16. Typical Directory API

  • To manipulate directories the system provides an API (normally POSIX).
  • These operations are exposed in UNIX as shell commands.
    • Creation: . and .. are automatically added and linked.
    • Deletion: only empty directories can be deleted.
      • Multiple ways to handle deleting trees with links.
      • Program must decide by doing it first.
    • Open/Close/Read: allows a program to access the list of entries.
    • Rename: move.
    • Link/Unlink: add/remove new names to the directory (delete if last unlink).
  • This concludes the user view of the FS, move on to implementation.
    • More information on using it in DV1466 (Intro to Linux).

17. File-system Layout

  • Program (user) view is the logical organisation of the data in the FS.
  • FS Implementation is mainly concerned with the physical organisation.
    • How to map the structure described onto the disk API..
Disk API
Normally a disk has a fixed number of fixed-size blocks (e.g. \(10^9\) 4kb blocks) and is accessed by read(k) and write(k).
  • Typically the disk is divided into smaller logical pieces (partitions).
    • Each partition (drive) contains an independent file-system.
    • Isolate failures (generally mechanical devices).
  • Each partition is accessed through an API similar to the raw disk.
    • Read(\(k\)) or write(\(k\)) for \(k<n\).

18. File-system Layout

  • Boot-strap problem: code to access the FS inside the OS inside the FS...
  • Example of a possible file-system layout.
    • Boot-block in a known location: solves the boot-strap problem.
    • Simple interface for BIOS/EFI to load known blocks, execute contents.
    • Superblock contains admin: size, FS type, locations of other boxes.
    • Description of which blocks on the disk are free.
    • I-nodes are the tree nodes for the FS.
    • Link into the files and directories.

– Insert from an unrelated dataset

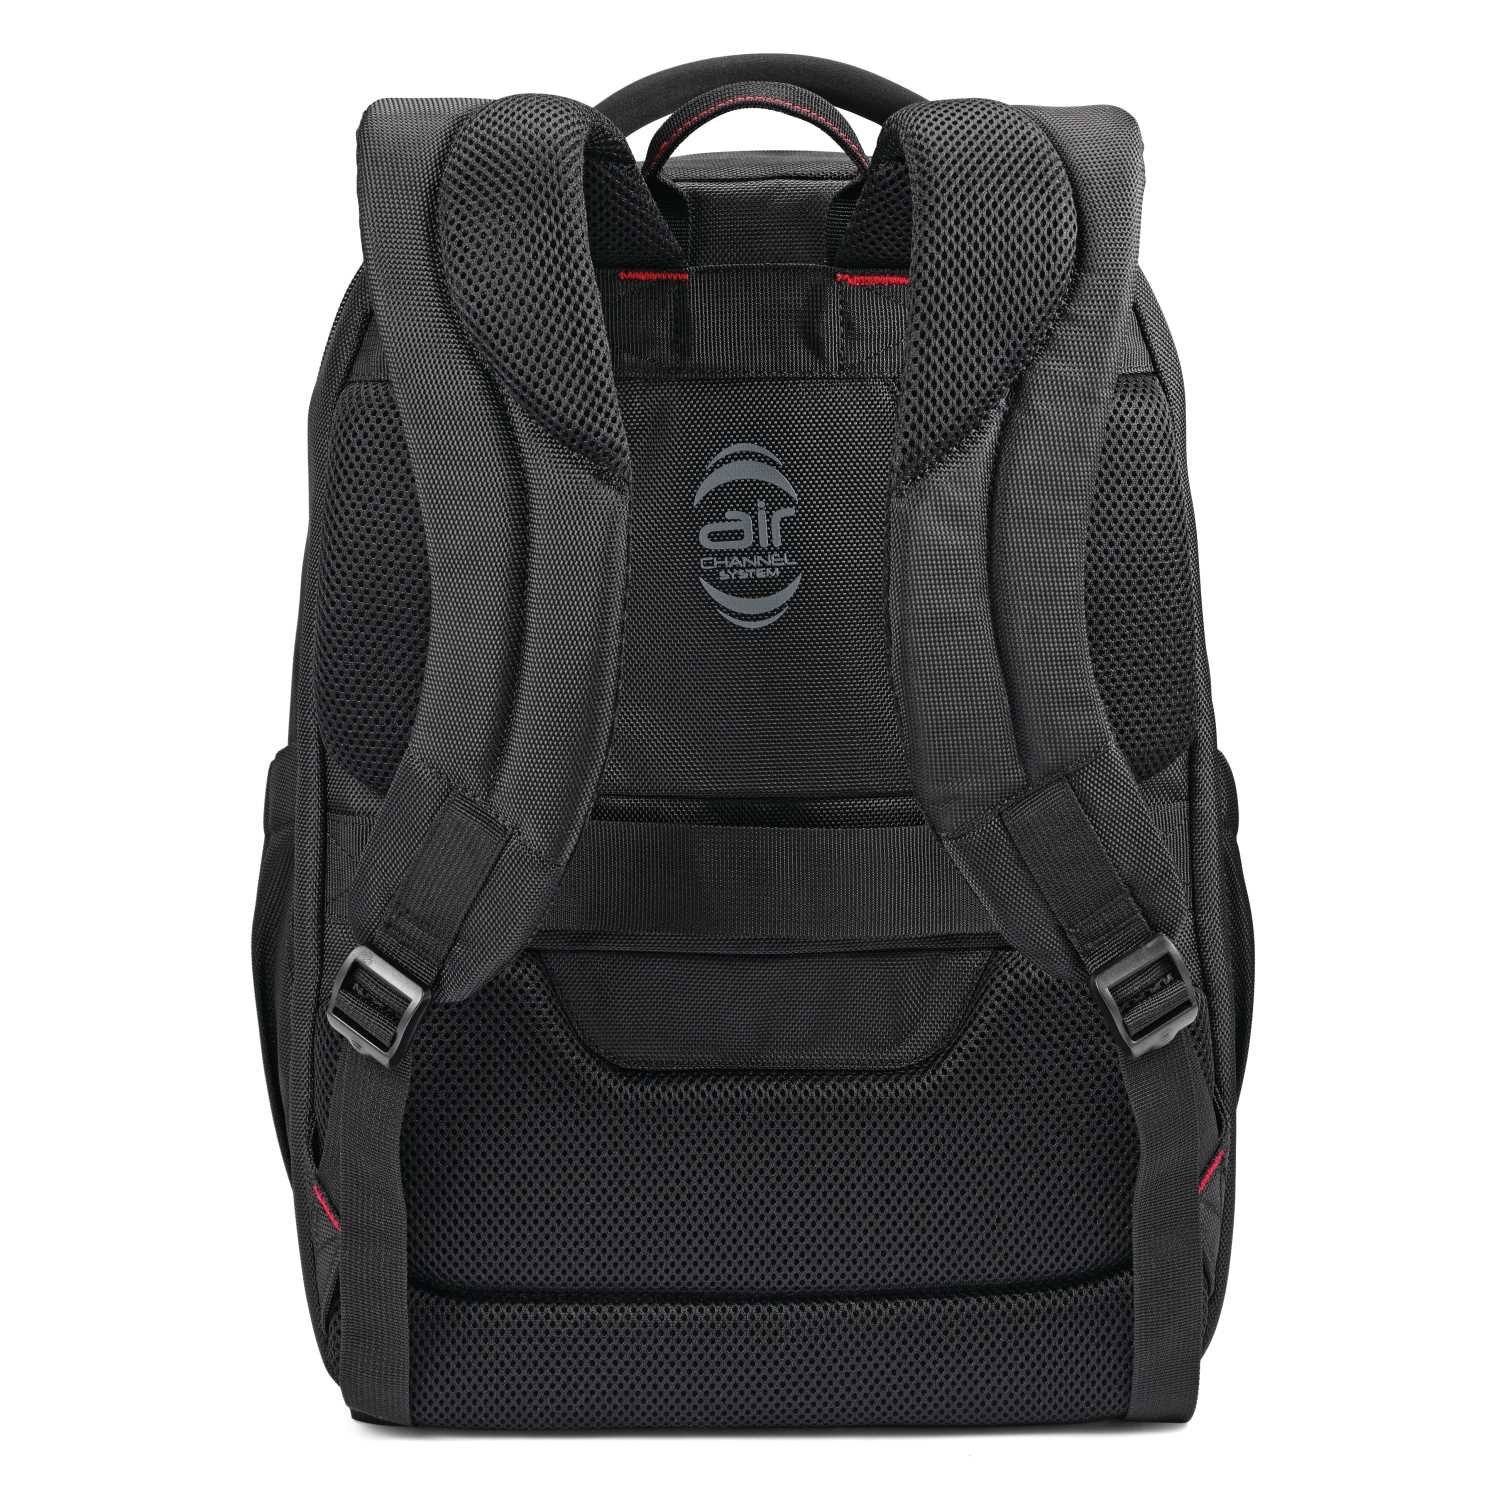 Samsonite Xenon 3.0 Large Backpack - Checkpoint Friendly Business ...

19. File Allocation: Contiguous

  • Allocating a file as a contiguous range of disk blocks:
    • Easy to represent, file is start block and size.
    • Indexing into block \(k\) of the file is just addition.
    • Maximum read performance on spinning disks.
  • When files are deleted they leave holes...
    • Same fragmentation problem we saw in memory allocation.

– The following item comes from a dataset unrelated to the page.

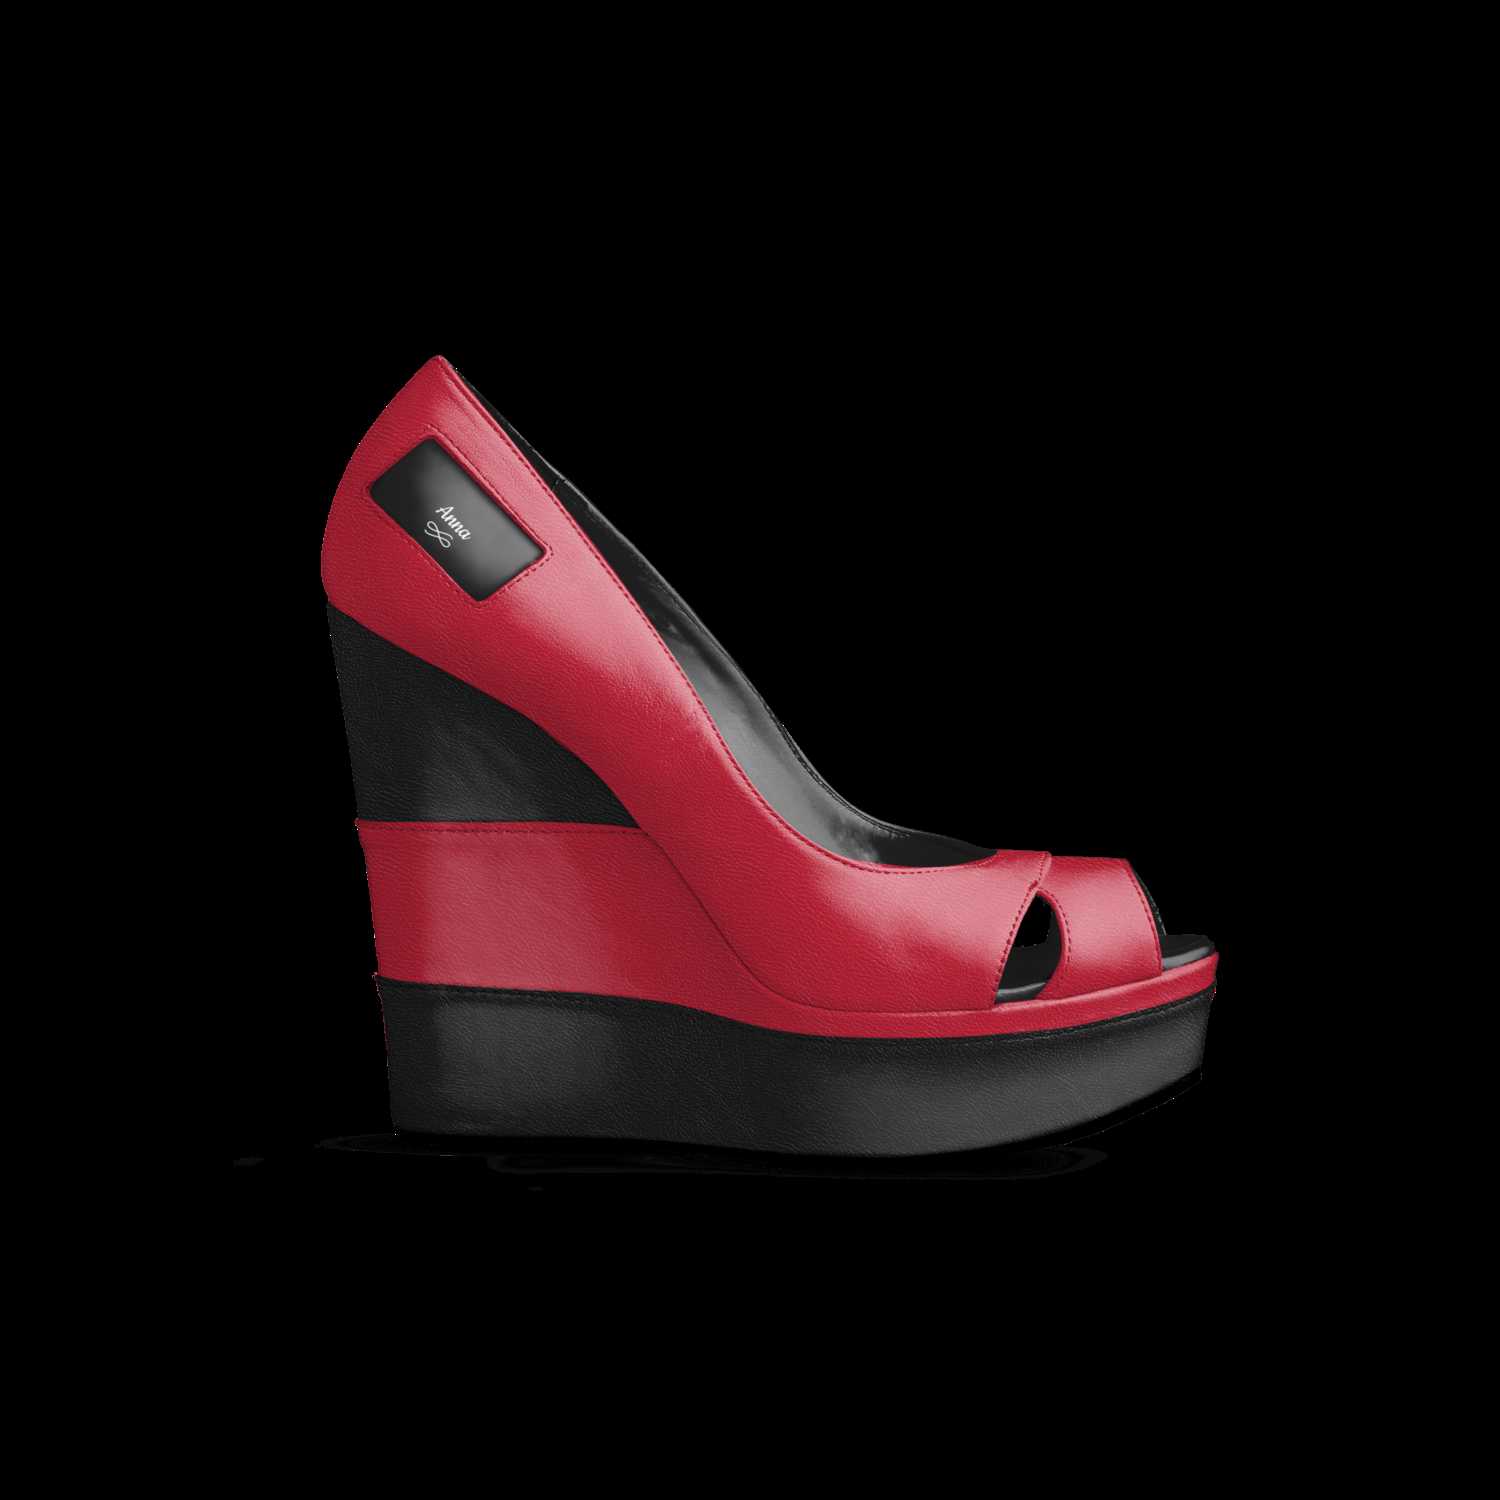 wedge shoes at edgars

20. File Allocation: Contiguous

  • Avoiding fragmentation: we could preallocate (max) space for the file.
    • Prevents deletion and reallocation when it changes.
    • Works pretty well in write-once applications: all file sizes are known.
    • e.g. burning UDF FS onto an optical disk.
    • e.g. creating read-only boot systems (building a server image).
  • Also works well if we write out incremental snapshots.
    • Version-control at the FS level, e.g. Fossil (Plan9) or ZFS.
  • Another use is to split the file into extents.
    • A collection of contiguous pieces of the file.

21. File Allocation: Linked List

  • Another approach to file allocation is a linked list for each file.
  • Each block in a file stores the next block in the file.
  • Zero fragmentation.
  • Sequential file access becomes random access on the disk.
  • Mechanical disks are slower at random access than sequential.
  • Problem: Indexing into block \(k\) (random access in the file) requires reading \(k\) blocks to follow the list.
  • Problem: Block size is slightly less than \(2^n\): alignment problems, e.g. 4KB access will span blocks.

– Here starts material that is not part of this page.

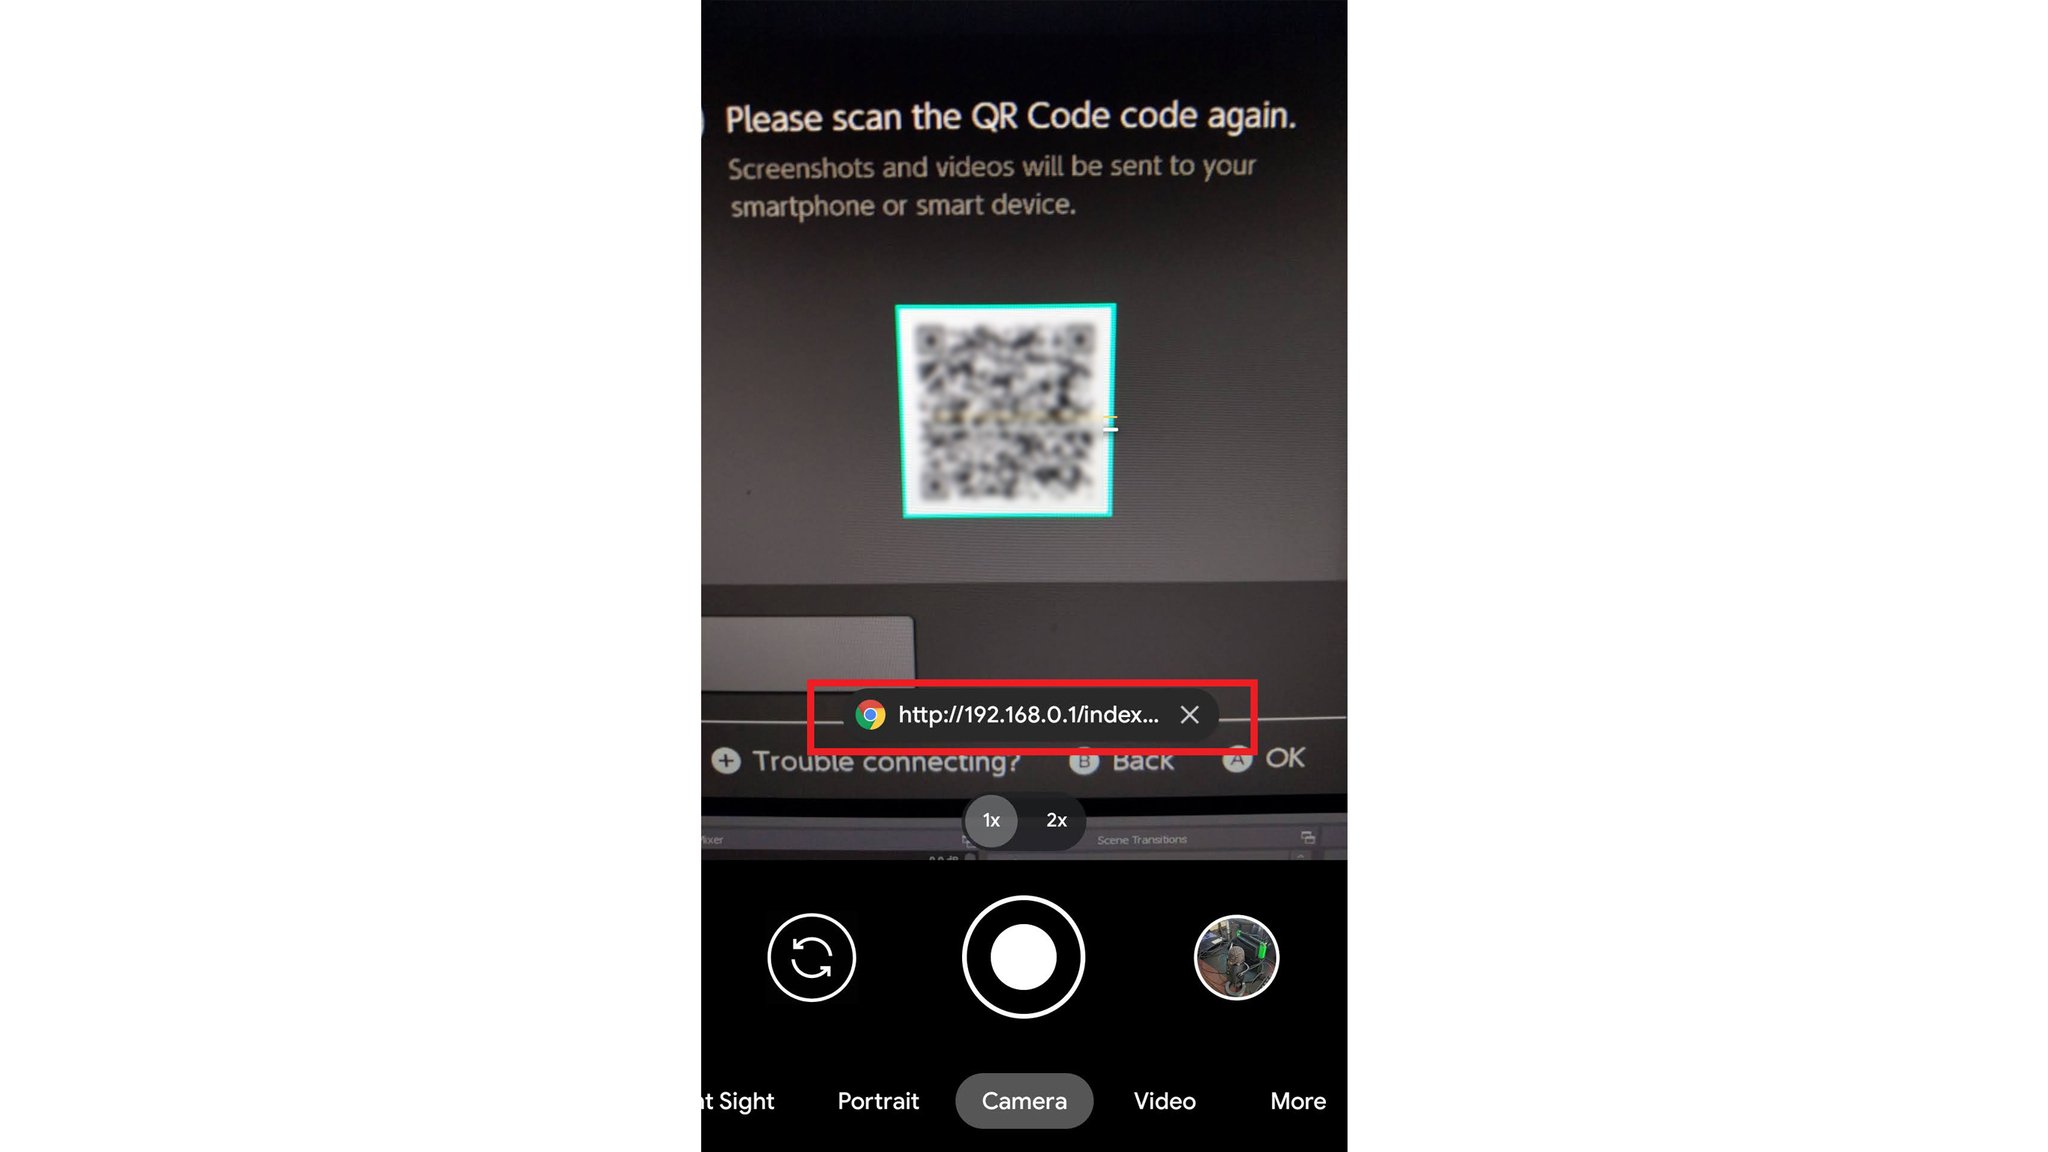 Send Images To Smartphone Scan Second Qr Code

22. File Allocation Table (FAT)

  • File Allocation Table: (FAT) use a single table to hold all lists together.
  • Directory entry points to start.
    • e.g. A: 4,7,10,12.
  • No pointer inside blocks: store \(2^n\).
  • Keep table in memory - faster to index into for random access.
  • One entry for each block on disk: problem for larger FS.
  • Sentinel (-1) at end of each list.
  • FAT was introduced in MS-DOS, FAT32 was Windows 95 - still used as standard for most removable media.

23. I-nodes

  • Last approach for file allocation: index-node (inodes) are a block listing file blocks.
  • Splits FAT into many indices - one per file.
  • Don't put entire disk table in memory - only open files.
  • Scales much better for large FS.
  • Problem: FAT allows arbitrary length files, i-node can only hold fixed number of pointers.
  • Solution: chain i-nodes together (linked-list of index blocks).
  • Used in UNIX / NTFS.

24. Implementing directories

  • The file-allocation records where each file is on the disk.
  • But to open/read these files by their path, the OS must:
    • Walk through the directory tree, according to the path components.
    • Find the location of the file (block-range, first block or inode).
  • The implementation of a directory must:
    • Map the ASCII name string onto some disk block.
    • Could be the files (as above) or the next directory component in the path.
  • Mapping could be fixed-length names:
    • 8+3 in MSDOS, a label and an extension indicating file format.
    • 14 characters in older unix, any mix of labels and/or extensions.
    • 255 characters in most modern systems (almost arbitrary strings).
  • Variable-length names are slightly more challenging...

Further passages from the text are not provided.